Electronics in the UK

Learn about how Electronic Engineers in the UK created world-changing technologies.

The UK has a long heritage of technological innovation and a world-class Electronics sector. We asked our good friend Matthew, who is studying Electronic Engineering at the University of Southampton, his top innovations. Here’s what he said:


Many nations helped develop Radar, but a team of UK engineers created a device called a Cavity Magnetron, which made it smaller, more efficient and more effective. Its ability to detect enemy aircraft made it critical to the success of the Battle of Britain and, ultimately, the Second World War.

It has become a fundamental way we investigate the world around us, measuring celestial bodies in space, the weather in the sky and the contents of the earth and the oceans. It gives us greater understanding of what is going on and can help predict what is going to happen.

Radar makes a ripple in the electromagnetic field and listens for the ripples that are reflected off of objects around it; it times those ripples, where they come from and how they have changed. Using this, radar can calculate information about objects, such as their position, size and what they are made of.

Programmable Computers

The first programmable digital electronic computer was called Colossus. It was developed by British code breakers between 1943 and 1945 in order to crack the encryption used on German messages in the Second World War. Its use led to the Allied victory but also led the technological revolution that has made our world today.

The mathematics that powers today’s technology is bigger, faster and more complex than any human could do by hand. By making computers do maths for us, we can create more and more complicated devices.

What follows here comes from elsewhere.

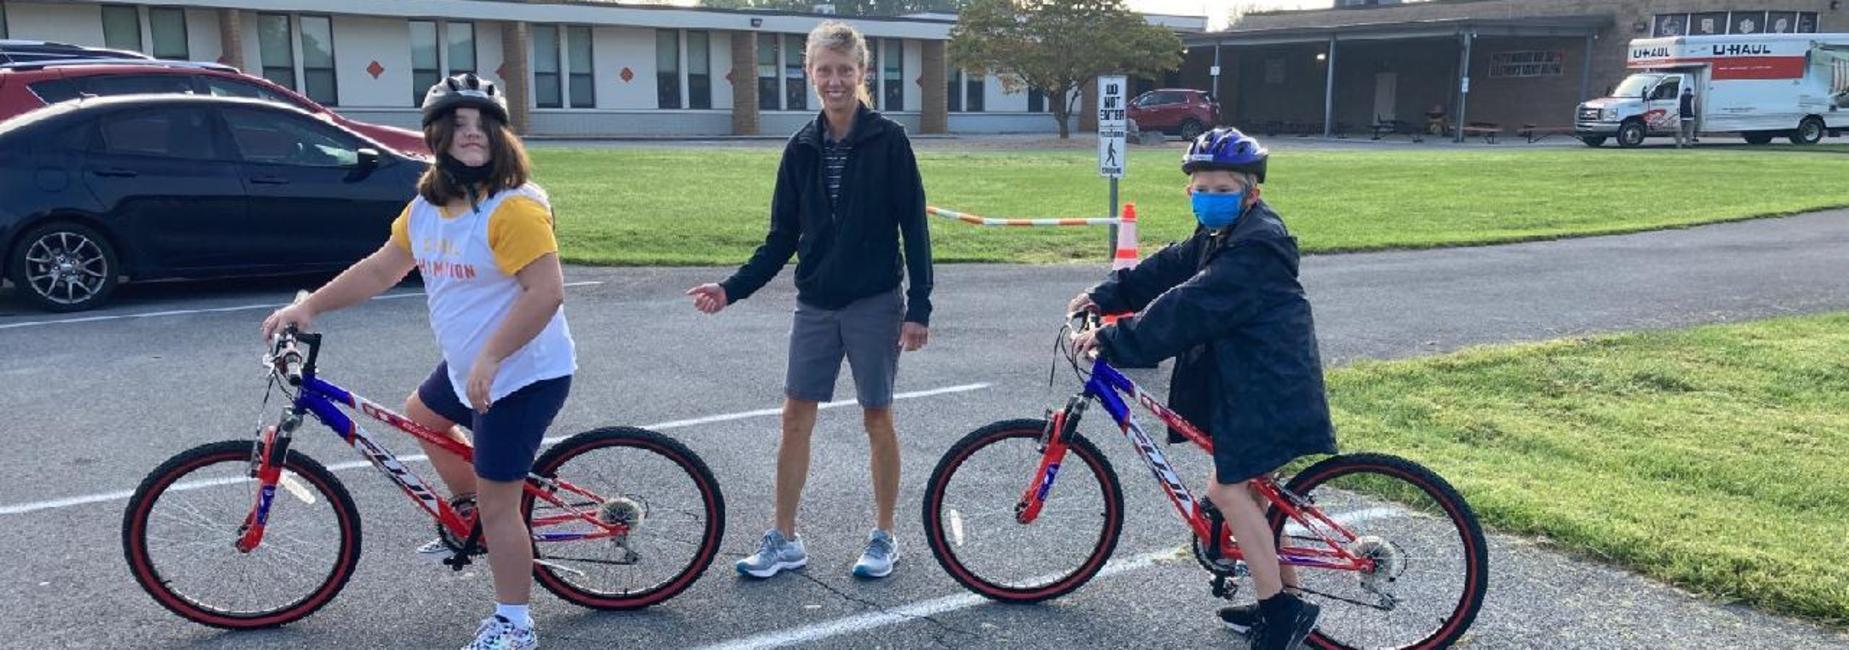 Photo of Mrs. Burchett, PE teacher, and two students riding bikes
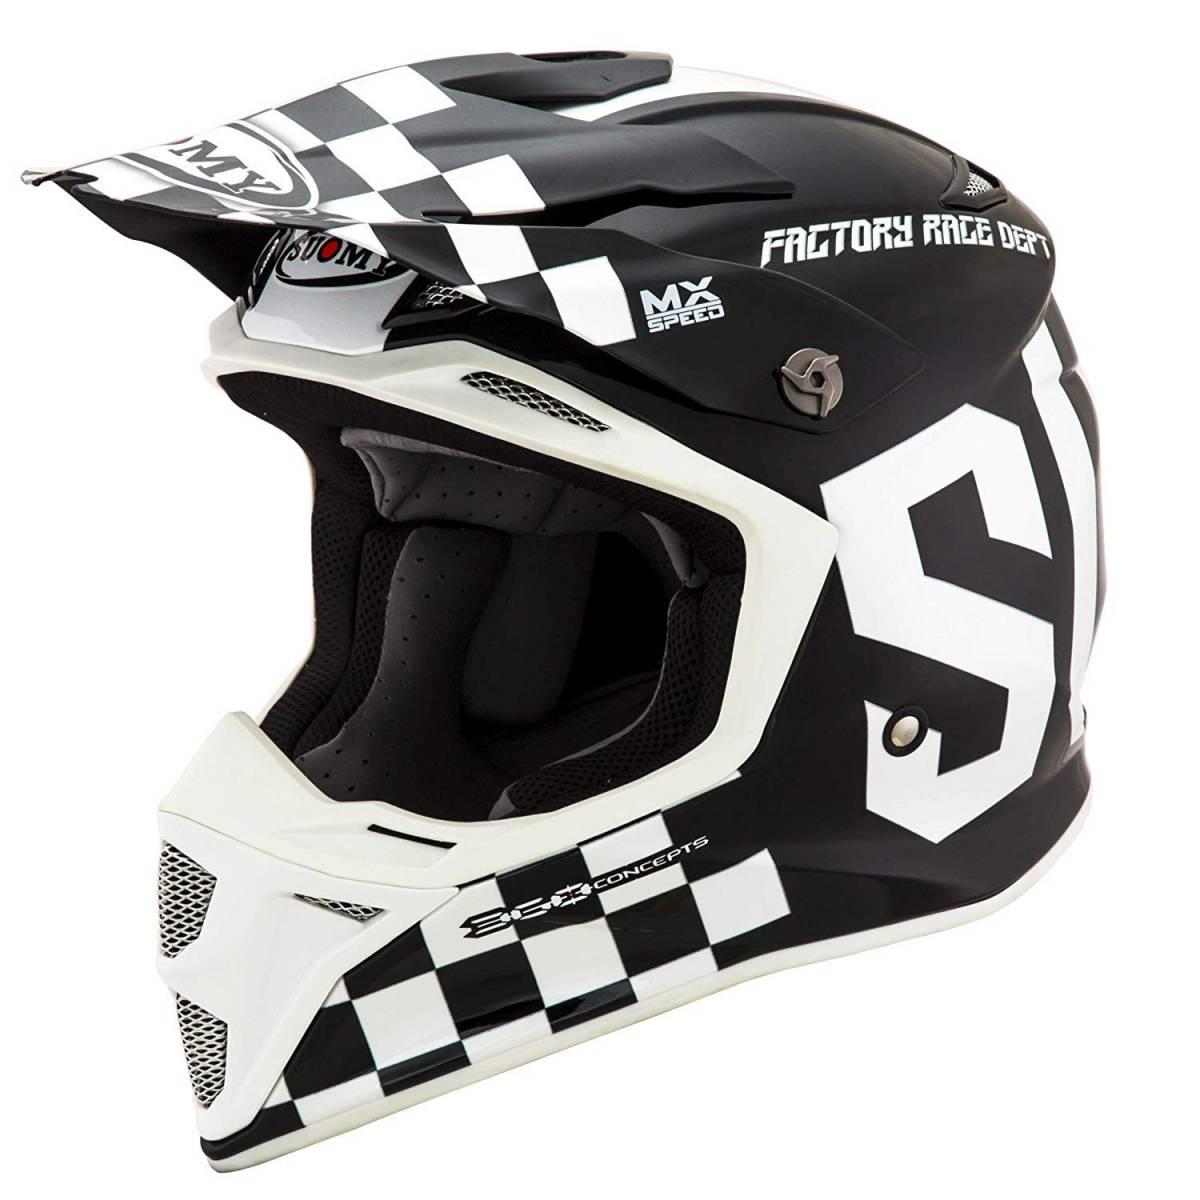 KSMS0007 - Casco Suomy Mx Speed Master Negro Blanco

Computers have a small list of simple things they are built being able to do. It is the challenge of a programmer to figure out how to combine the simpler functions together in order to make the computer able to do more and more complex things.


In 1979 Scottish researchers showed that TFTs could be used to control an LCD screen. The LCD screen was cheaper, smaller and more efficient than other technologies of the time, making it great for displaying information.

Being able to read and present data is important. LCD screens increased the prevalence and complexity of electronic systems: personal computers, portable digital devices, digital telemetry, etc. This technology was vital in making information truly accessible.

A TFT is a thin-film transistor. A transistor is a switch that uses an electrical input to determine whether it allows electrical power through. This can be used to control power to different parts of a screen, turning parts on or off to make pictures. A TFT can be made on a transparent surface, like glass, by layering different materials on top of each other in a specific pattern. This makes them perfect for controlling LCD screens without obscuring the image.

The World Wide Web

In 1989 British scientist Tim Berners-Lee was working at CERN, home of the Large Hadron Collider. Scientists across the world were struggling to share knowledge and information with each other, slowing all research and innovation. It was this need that lead Professor Berners-Lee to create the Hypertext Transfer Protocol (HTTP), foundation for the World Wide Web. This allowed humans across the world to communicate and has accelerated the process of human understanding, leading to what many would describe as a new age of human civilisation.

Hypertext is a road connecting two pieces of information. HTTP is how computers tell each other which Hypertext to follow in order to get from one piece of information to another. It is the roadway that links the information cities of the internet together.